Fix Control UI context freshness and compaction CTA#71297
Fix Control UI context freshness and compaction CTA#71297steipete merged 2 commits intoopenclaw:mainfrom
Conversation
🔒 Aisle Security AnalysisWe found 2 potential security issue(s) in this PR:
1. 🟡 Unbounded client-side sessions list growth from gateway events (UI memory/CPU DoS)
DescriptionThe UI updates
If an attacker can cause a client to receive repeated Vulnerable code: const existingIndex = previousRows.findIndex((row) => row.key === key);
...
const sessions =
existingIndex >= 0
? previousRows.map((row, index) => (index === existingIndex ? nextRow : row))
: [nextRow, ...previousRows];
...
count: existingIndex >= 0 ? state.sessionsResult.count : state.sessionsResult.count + 1,RecommendationTreat gateway event payloads as potentially attacker-influenced and prevent unbounded growth.

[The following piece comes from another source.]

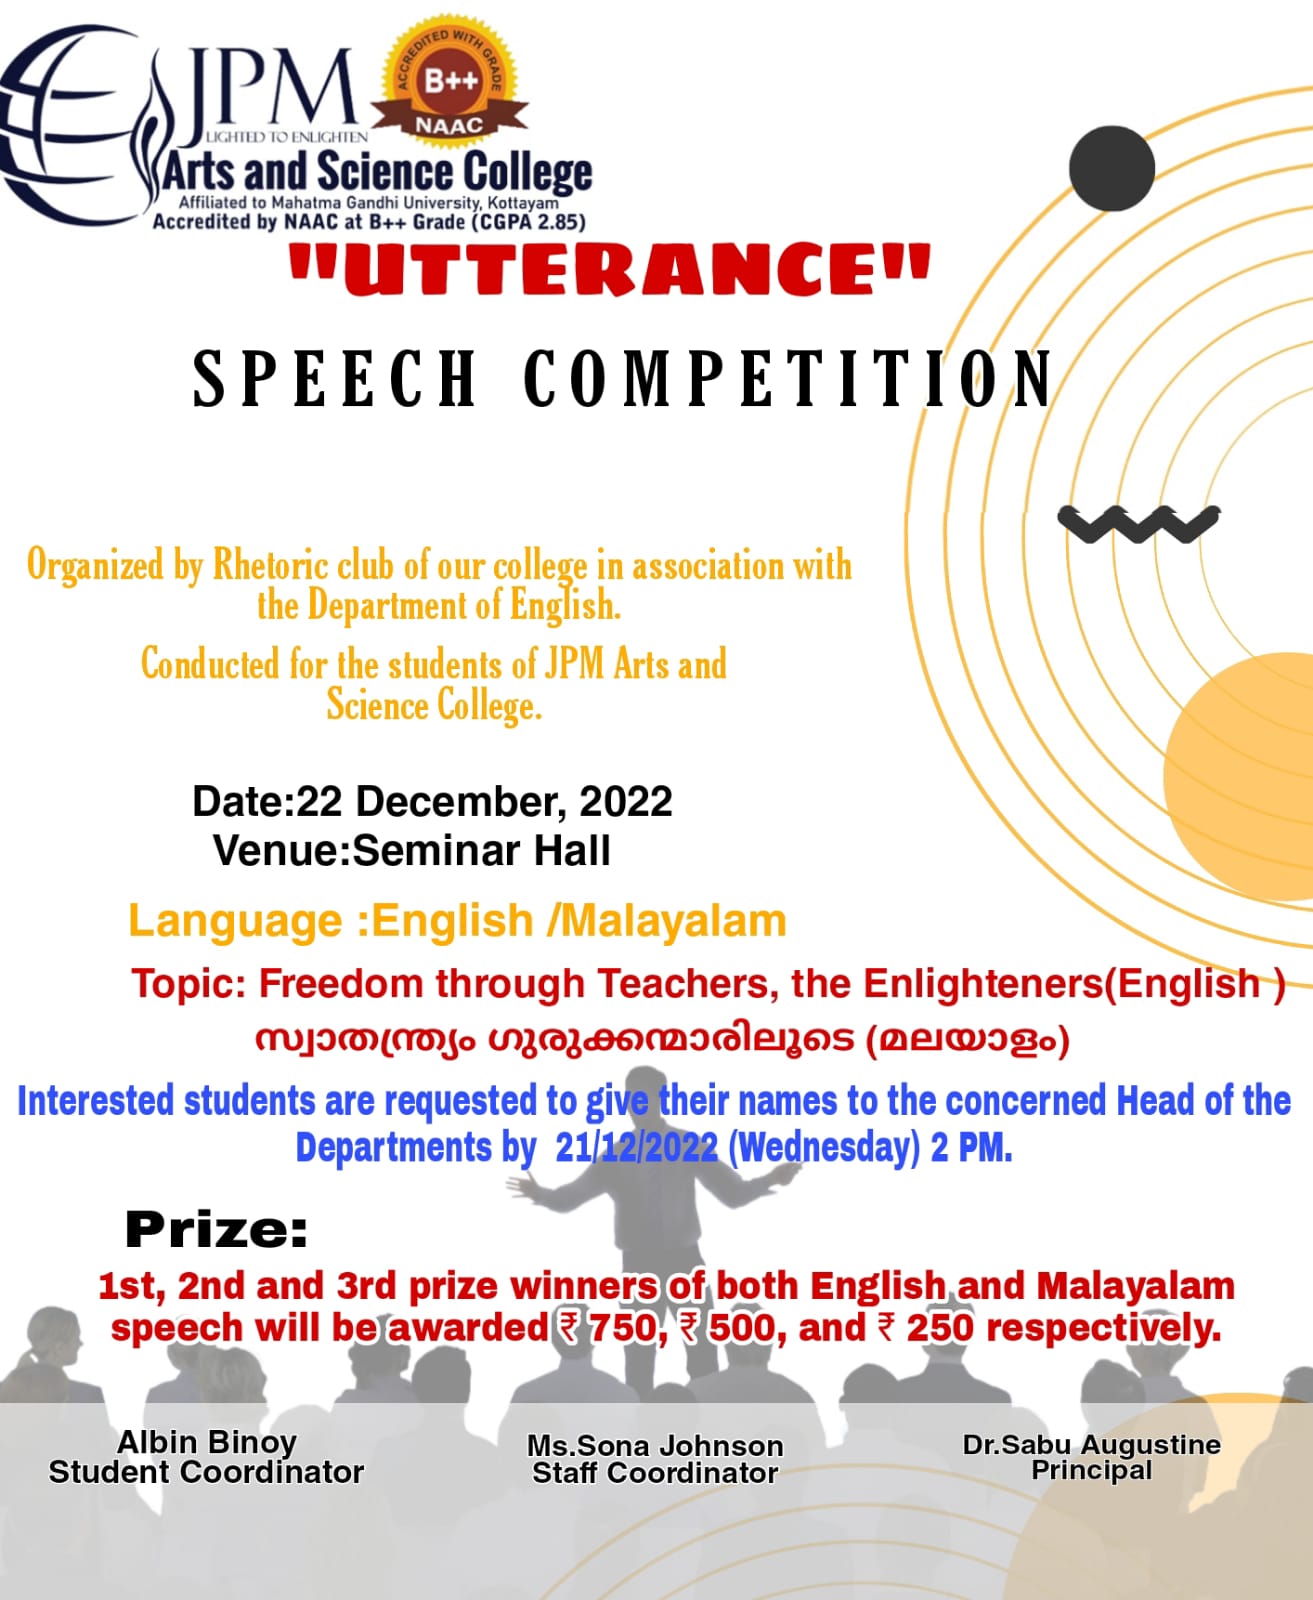 UTTERANCE - Speech Competition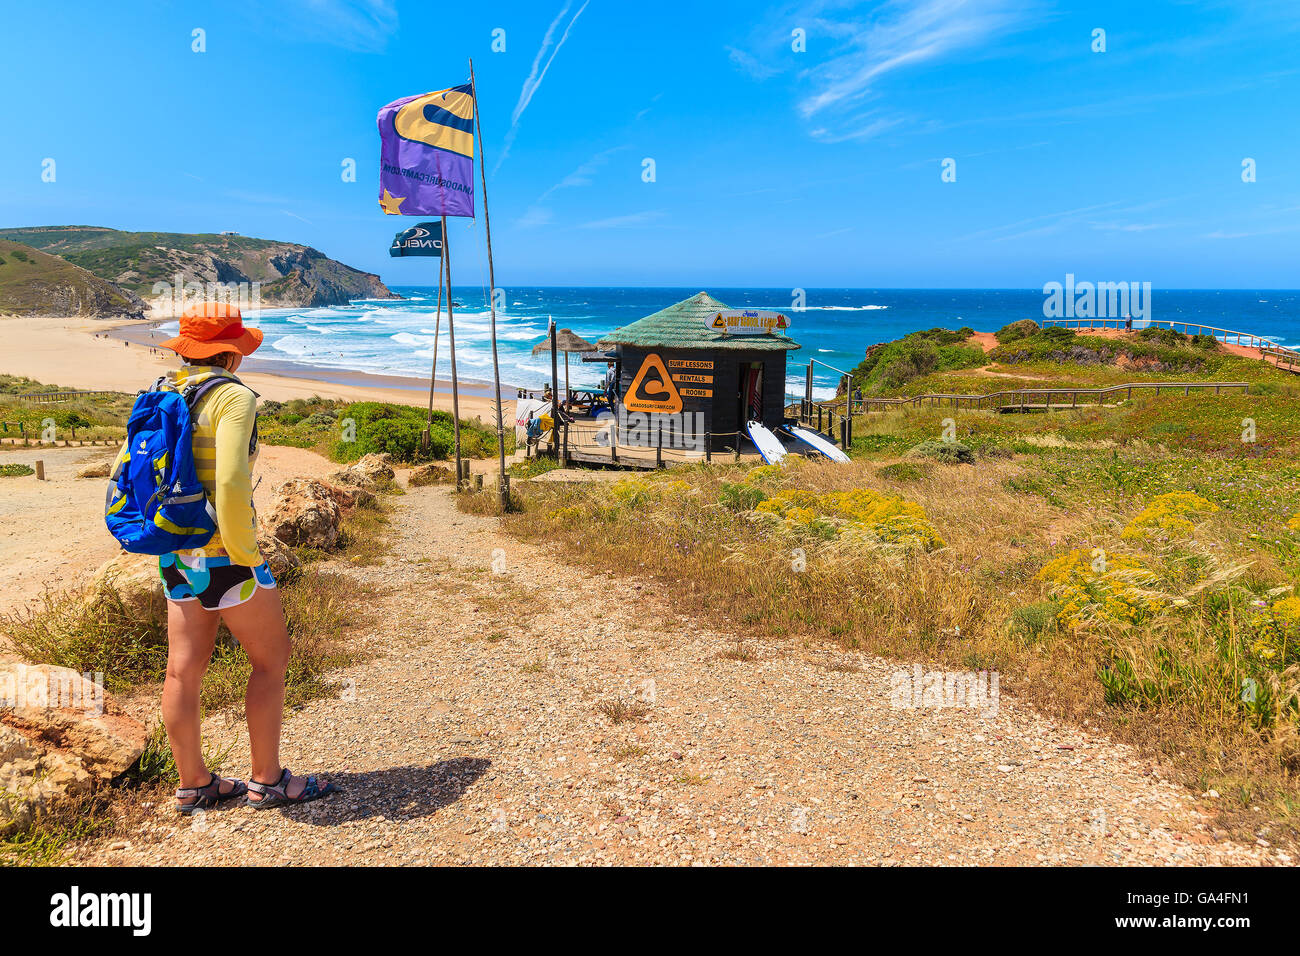 AMADO BEACH, PORTUGAL - 15. Mai 2015: Junge Frau Tourist am Wanderweg nach Praia do Amado Beach im Frühjahr, die Region Algarve, Portugal. Diese Gegend ist berühmt Surfen in ganze Portugal statt. Stockfoto

Options (can be combined):
if (existingIndex < 0) return false; // ignore unknown session keys
const MAX_EVENT_SESSIONS = 500;
const nextSessions = existingIndex >= 0
? previousRows.map((row, i) => (i === existingIndex ? nextRow : row))
: [nextRow, ...previousRows].slice(0, MAX_EVENT_SESSIONS);
2. 🟡 Client-side DoS via unvalidated `sessions.changed` websocket payload merged into session rows
DescriptionThe UI merges the gateway/websocket event payload directly into the in-memory
Vulnerable code: for (const field of SESSION_EVENT_ROW_FIELDS) {
if (!hasOwn(source, field)) continue;
const value = source[field];
if (value === undefined) {
delete mutableNext[field];
} else {
mutableNext[field] = value; // no validation/coercion
}
}And later: (row.thinkingOptions?.length ? row.thinkingOptions : DEFAULT_THINK_LEVELS).map(...)RecommendationAdd runtime validation/coercion for Options:
import { z } from "zod";
const SessionRowPatch = z.object({
key: z.string().min(1),
thinkingOptions: z.array(z.string()).optional(),
thinkingLevels: z.array(z.object({ id: z.string(), label: z.string() })).optional(),
label: z.string().nullable().optional(),
displayName: z.string().nullable().optional(),
// ...add the rest with correct types...
}).passthrough(false);
const parsed = SessionRowPatch.safeParse(source);
if (!parsed.success) return false;
const patch = parsed.data;
Additionally, treat unexpected types defensively in render paths (e.g., ensure Analyzed PR: #71297 at commit Last updated on: 2026-04-25T00:27:57Z |
Greptile SummaryThis PR delivers three improvements: live-merging websocket session usage metadata into the Control UI session list via Confidence Score: 5/5Safe to merge; all remaining findings are P2 edge cases that don't affect the primary user path. Both findings are narrow edge cases (concurrent load coalescing with transient errors, or session.message for a filtered-out session) that are unlikely to surface in normal usage and self-correct on the next successful load or refresh. No data loss, no security concerns, no primary-path breakage. ui/src/ui/controllers/sessions.ts — the coalescing loop and applySessionsChangedEvent insertion logic Prompt To Fix All With AIThis is a comment left during a code review.
Path: ui/src/ui/controllers/sessions.ts
Line: 289-305
Comment:
`sessionsError` not cleared between coalesced iterations
`state.sessionsError = null` is set once before the loop. If the first `loadSessionsOnce` call fails (setting `sessionsError` via its `.catch` handler) and a pending load was queued that then succeeds, the stale error string will persist on `state` even though `sessionsResult` now holds valid data. The previous `withSessionsLoading` wrapper cleared it at the start of every individual call. To preserve that contract, add `state.sessionsError = null;` at the top of the loop body (before `await loadSessionsOnce(...)`).
How can I resolve this? If you propose a fix, please make it concise.
---
This is a comment left during a code review.
Path: ui/src/ui/controllers/sessions.ts
Line: 209-222
Comment:
New skeletal rows added when session not in current list for `session.message` events
`applySessionsChangedEvent` is called in `handleSessionMessageGatewayEvent` for every incoming message. When the emitting session is absent from `state.sessionsResult.sessions` (e.g., filtered out by the active-minutes/limit query), the function prepends a new row with only `key`, `kind`, and whatever fields the event carries, and increments `count`. For a `session.message` payload that only carries `sessionKey`, this creates an incomplete row at the front of the list until the next `loadSessions` overwrites it. Consider bailing out early (returning `false`) when `existingIndex < 0` for callers that are not `sessions.changed` events, or pass a flag to opt into the "insert new" path.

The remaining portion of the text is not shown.